Inbound channels that route end-user messages to an agent. Slack, Microsoft Teams, Telegram, WhatsApp, Discord — any of them can deliver a user's message to your agent and forward the response back.

Each connector has a policy: open access, or onboarding-managed (new users wait for approval).

Connectors →

Revisions

Every save produces a revision — an immutable snapshot of the agent's full configuration. You can compare, deploy, or roll back to any revision. The deployed revision is what handles production traffic; you can always edit and test new candidate revisions without affecting it.

Versioning →

Runs, Traces, and Conversations

A run is one execution of an agent. Every run produces a trace — the full record of inputs, prompts, tool calls, intermediate outputs, tokens, latency, errors, and cost.

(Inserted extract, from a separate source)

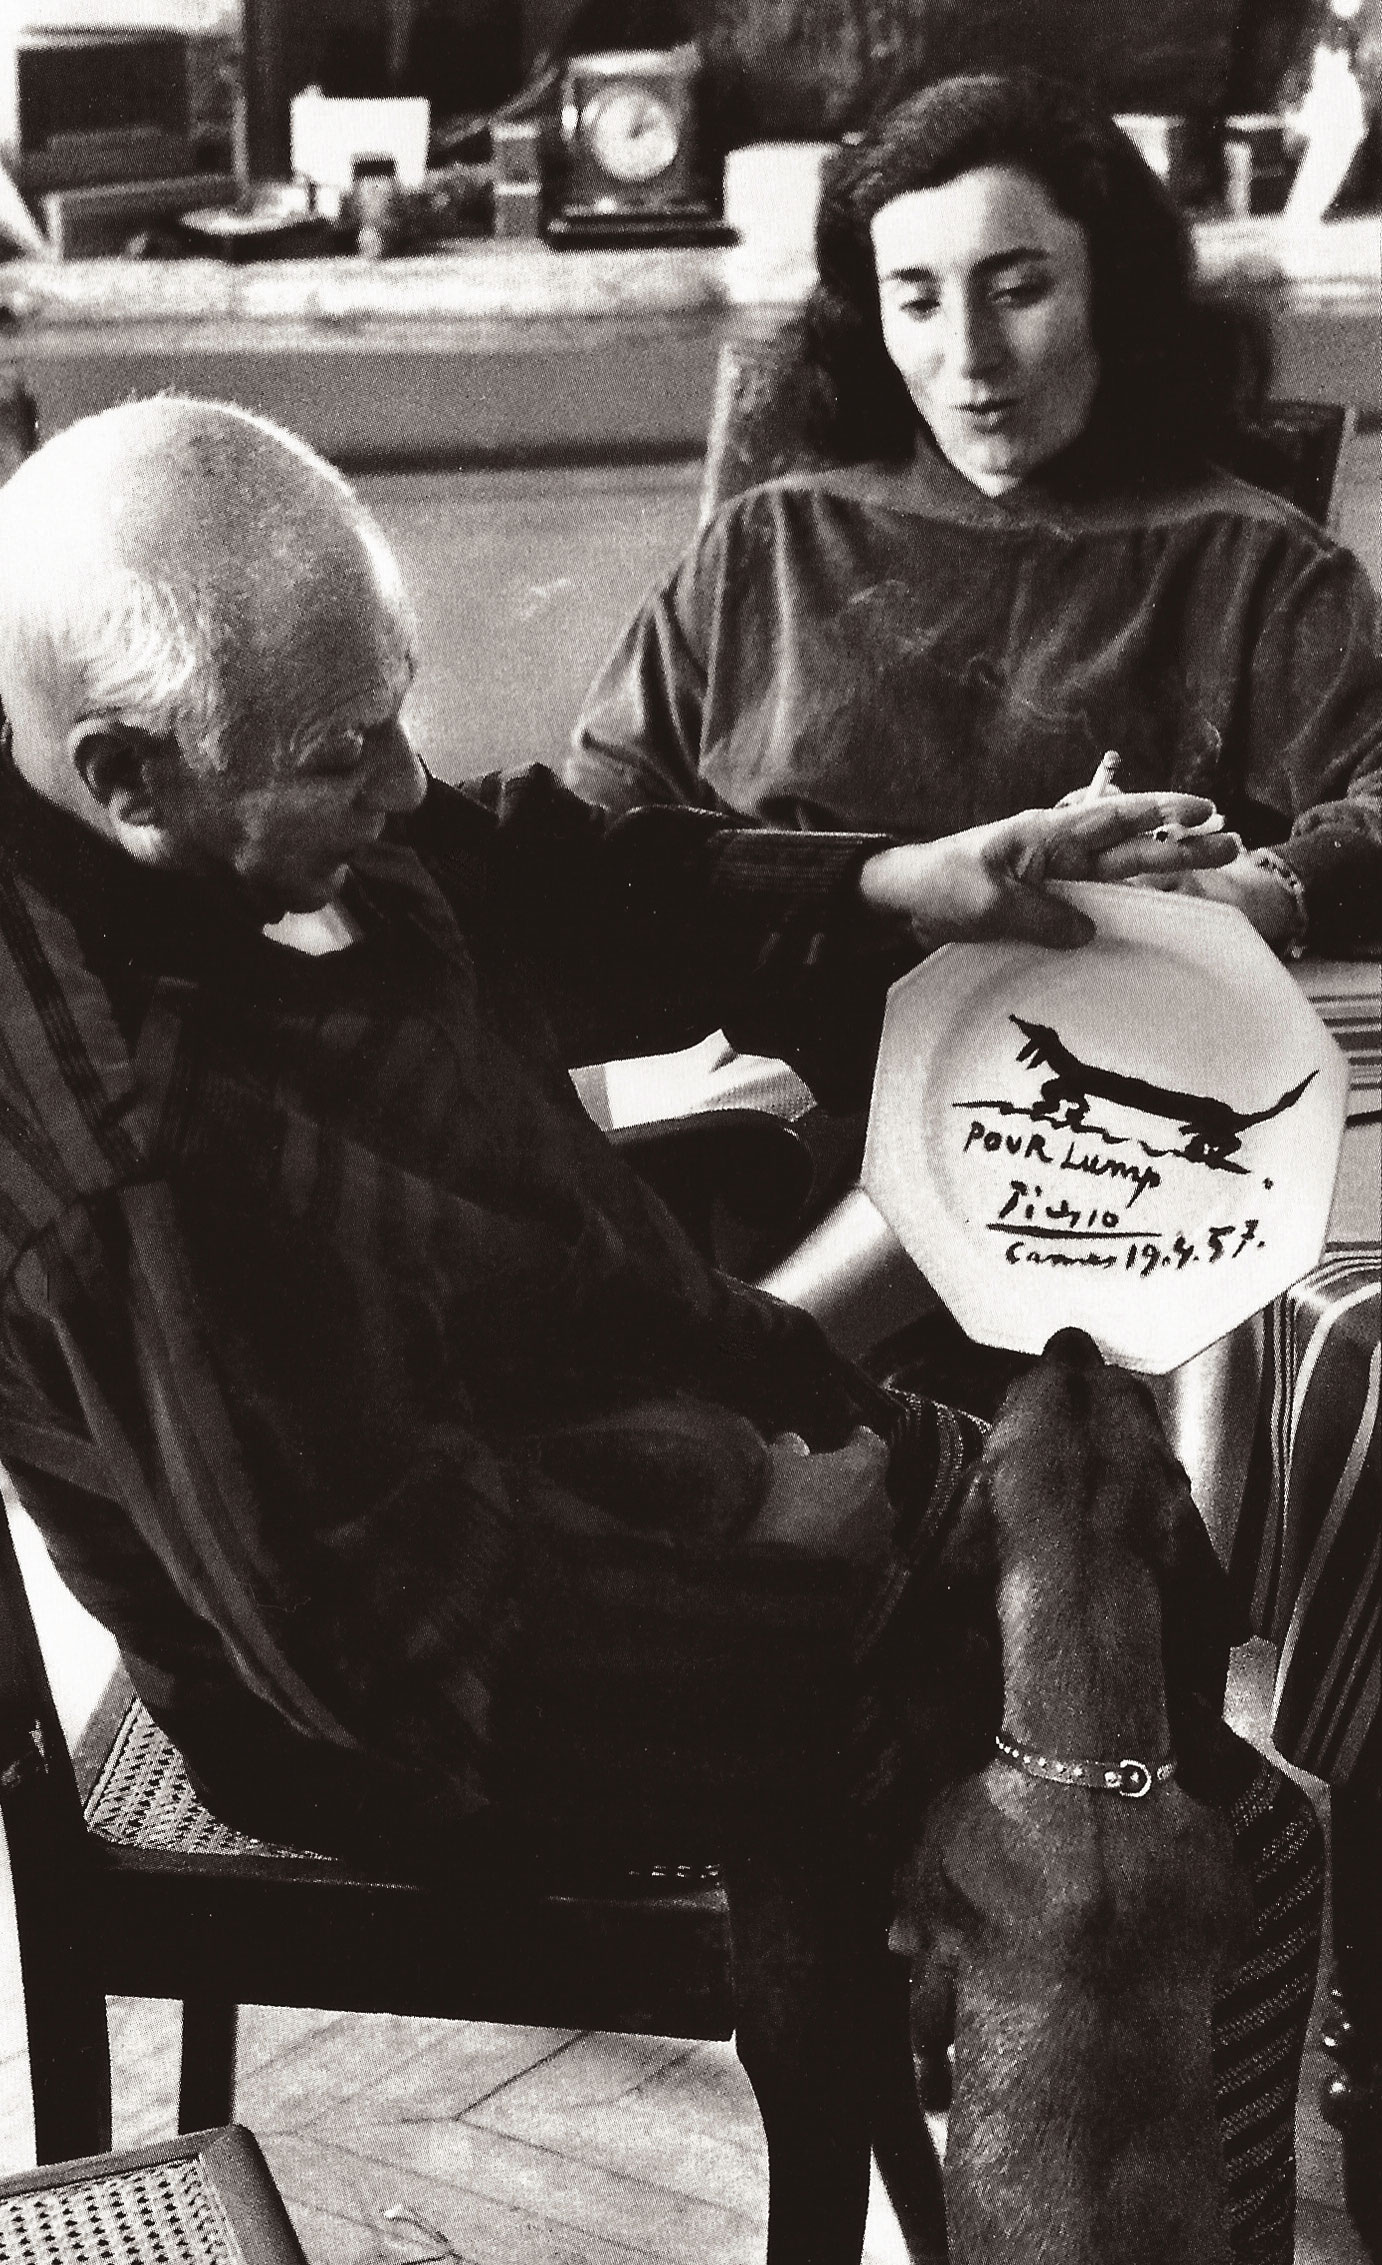 Picasso paints Lump a dinner plate.

A conversation is a sequence of runs that share state for a single end-user, typically delivered through a connector. Sessions are summarized automatically as they grow so context windows stay manageable.

Evaluations

A way to test agent quality systematically. Run a candidate revision against a golden dataset of inputs (with optional expected outputs), have an LLM judge score each result against criteria you define, and compare against the deployed baseline before promoting.

Evaluations →

Budgets & Cost

Every agent and every run has a tracked cost — token spend across all LLM and tool calls. Set monthly budgets per agent with alert thresholds and hard caps so a runaway loop never becomes a runaway bill.

Team & Roles

Organizations have members with roles (Admin, Editor, Viewer). Roles control who can edit, deploy, view traces, manage billing, and invite teammates.

Team →

Authentication

Two ways to talk to Fruxon programmatically:

  • Firebase JWT — used by the web app for human users
  • API keys — organization-scoped tokens for server-to-server access (X-API-KEY header)

End-users on connectors don't authenticate to Fruxon directly — the connector's own auth is the source of truth.

Putting it together

  1. You create an agent in your organization.
  2. You design its flow in Studio, with typed parameters, steps, and placeholders.
  3. You give it tools via integrations, sub-agents, memory, and knowledge.
  4. You test it interactively, then run evaluations against a golden set.
  5. You deploy a revision.
  6. Connectors and API calls route real traffic to the deployed revision.
  7. Every run generates a trace and contributes to cost, viewable in Monitoring and per-agent Conversations.
  8. You iterate, deploy new revisions, roll back if needed.

That's the whole loop. Everything else in the product is a refinement of one of these pieces.